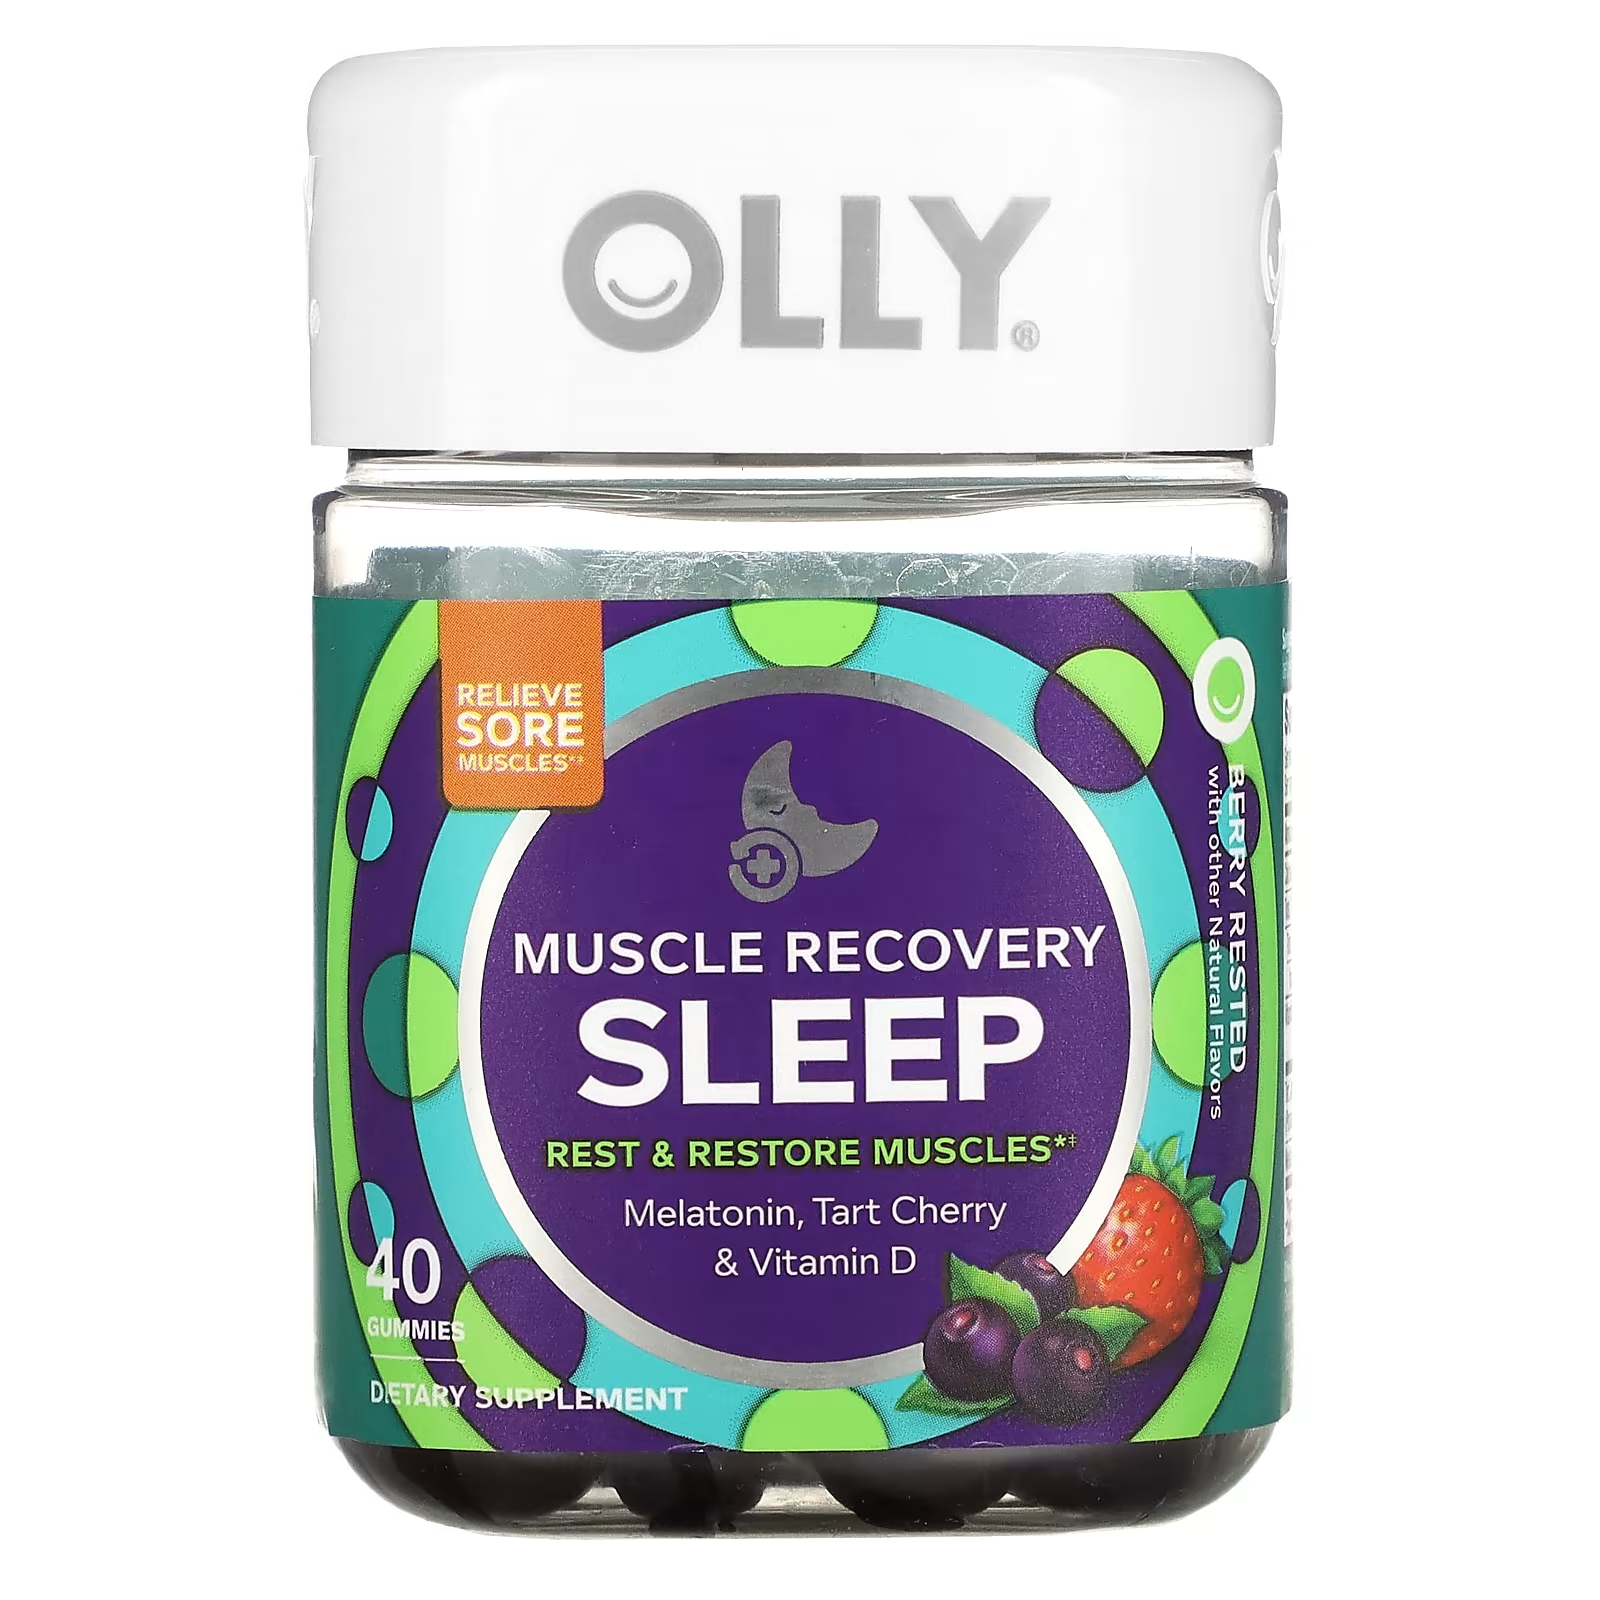 Пищевая добавка Olly Muscle Recovery Sleep Berry Rested, 40 жевательных конфет
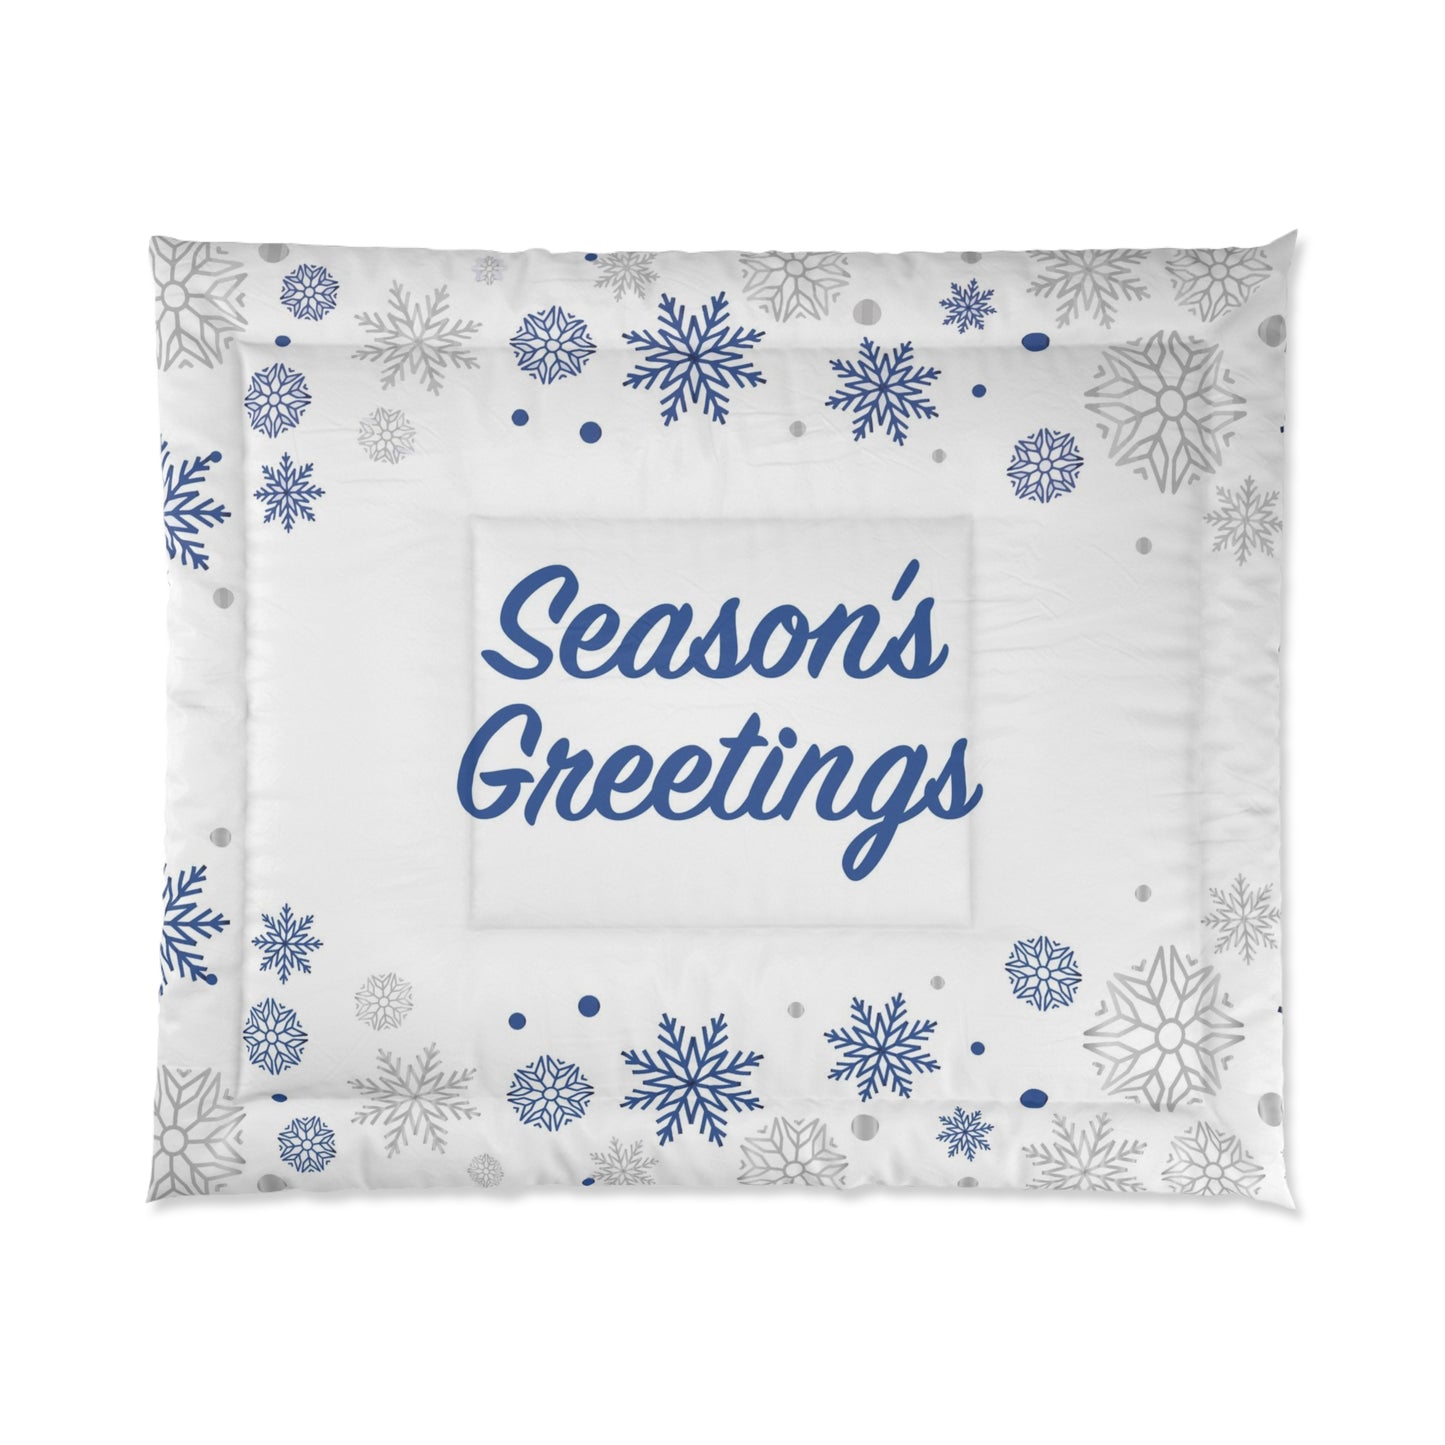 Holiday Comforter, Season's Greetings, White
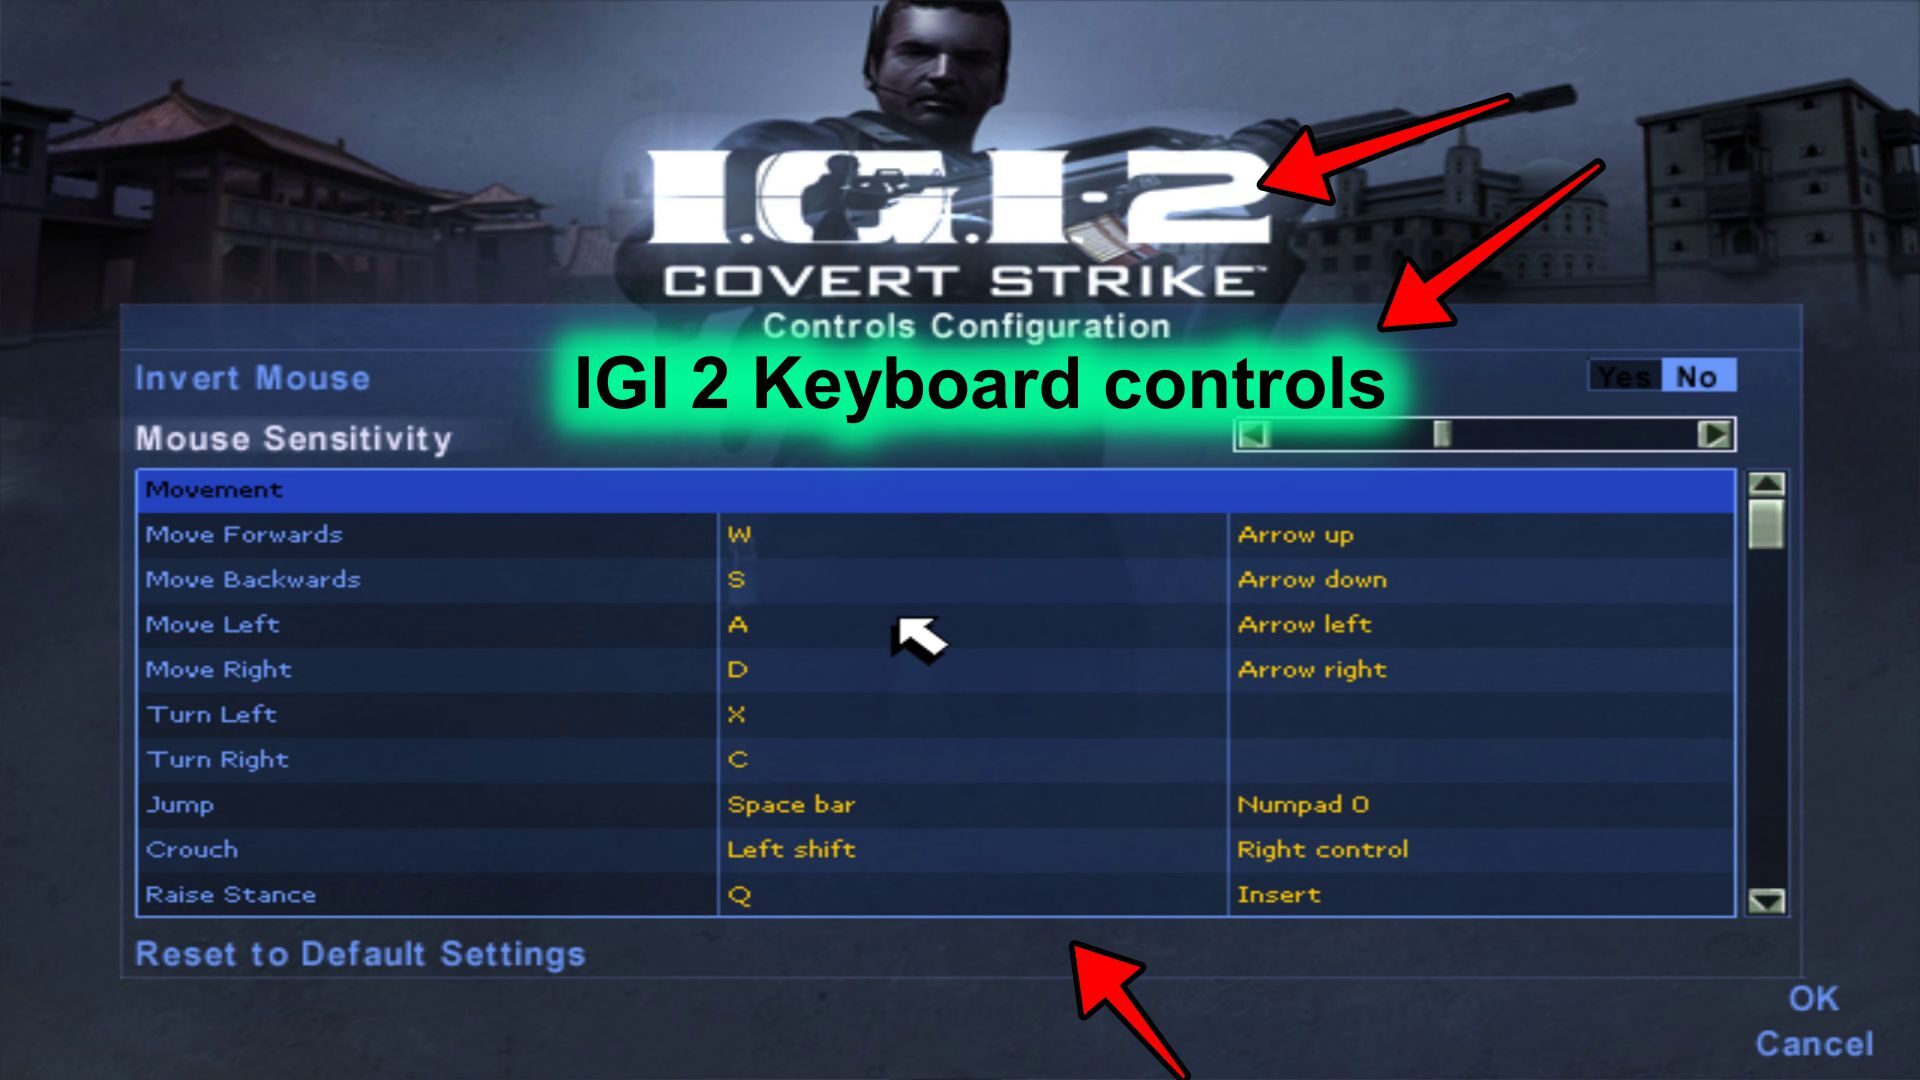 IGI 2 Keyboard Controls - Full List
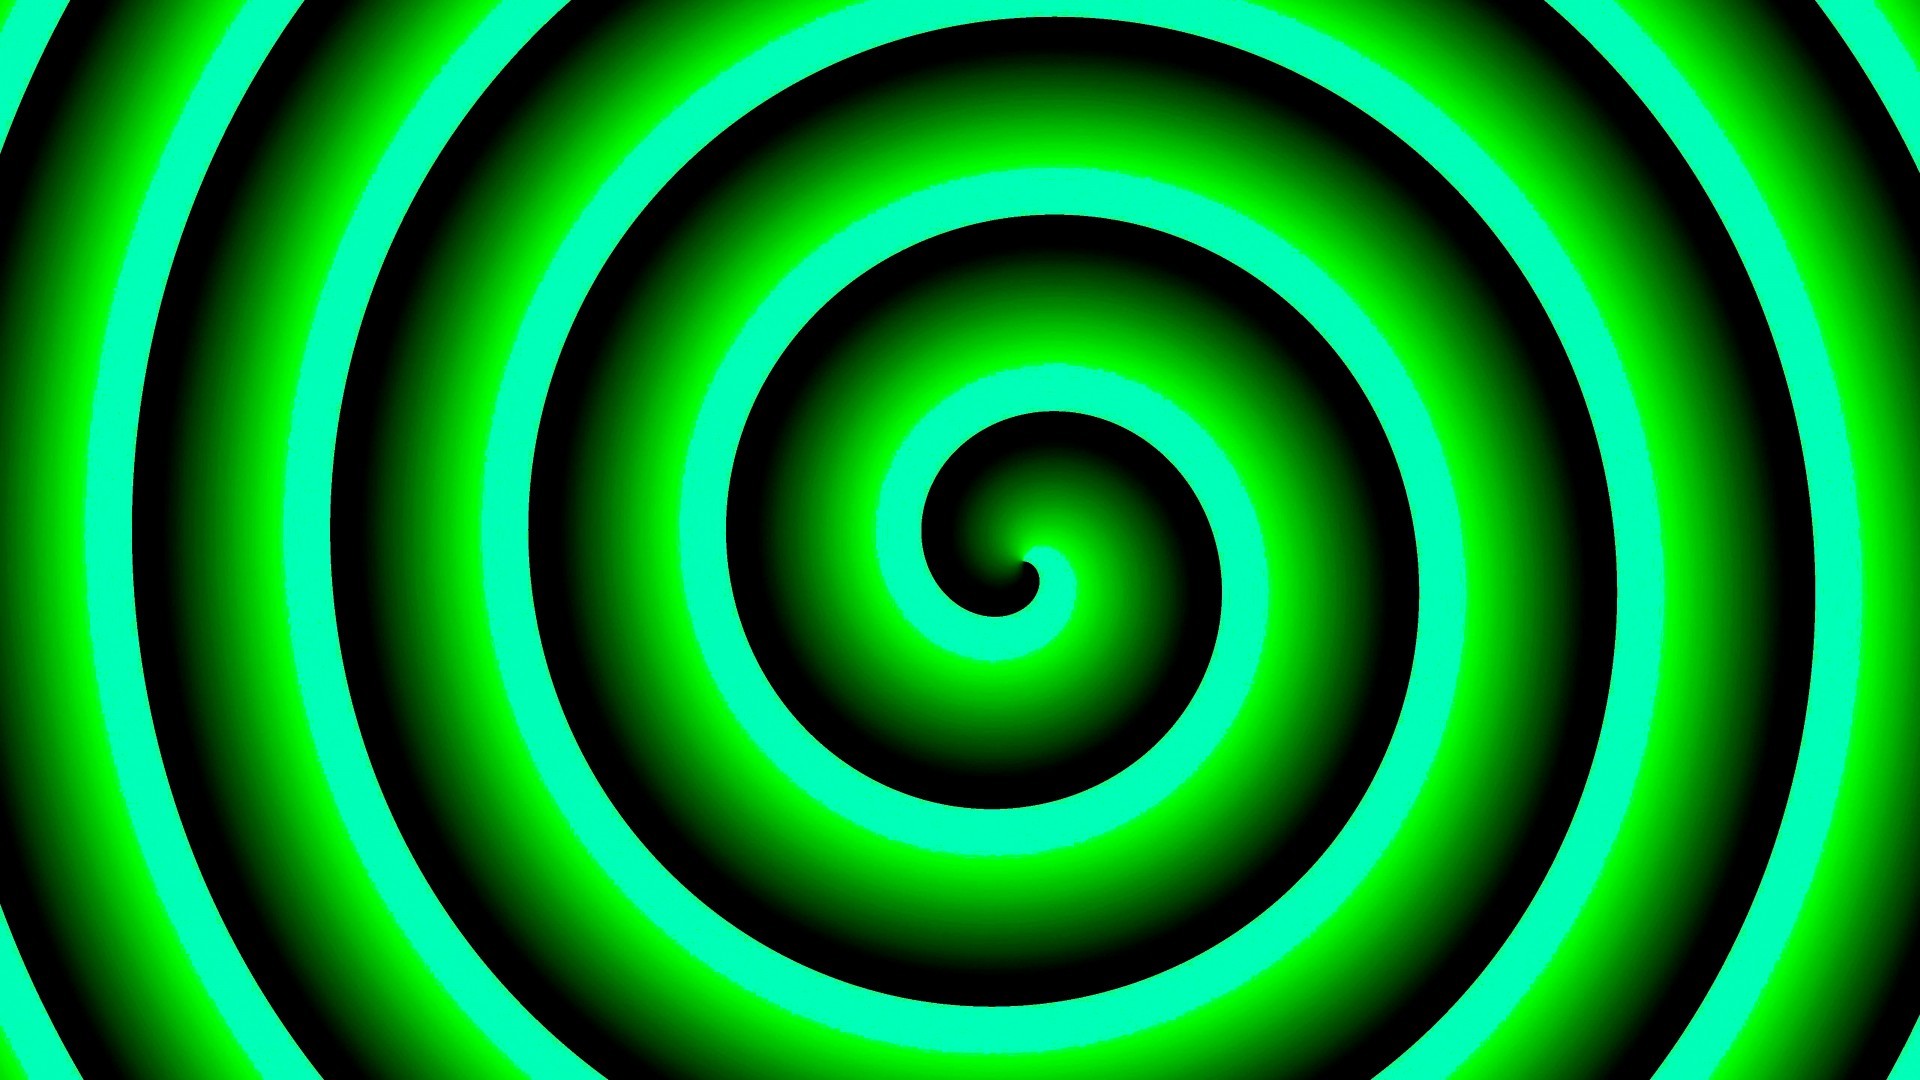 carta da parati ipnotica,verde,spirale,vortice,arte frattale,cerchio
+ + + + + + +
Every line above needs to be written out again as it stands. Pictures do not belong in the copy.

 Пищевая добавка Olly Muscle Recovery Sleep Berry Rested, 40 жевательных конфет
 Holiday Comforter, Season's Greetings, White
 IGI 2 Keyboard Controls - Full List
 carta da parati ipnotica,verde,spirale,vortice,arte frattale,cerchio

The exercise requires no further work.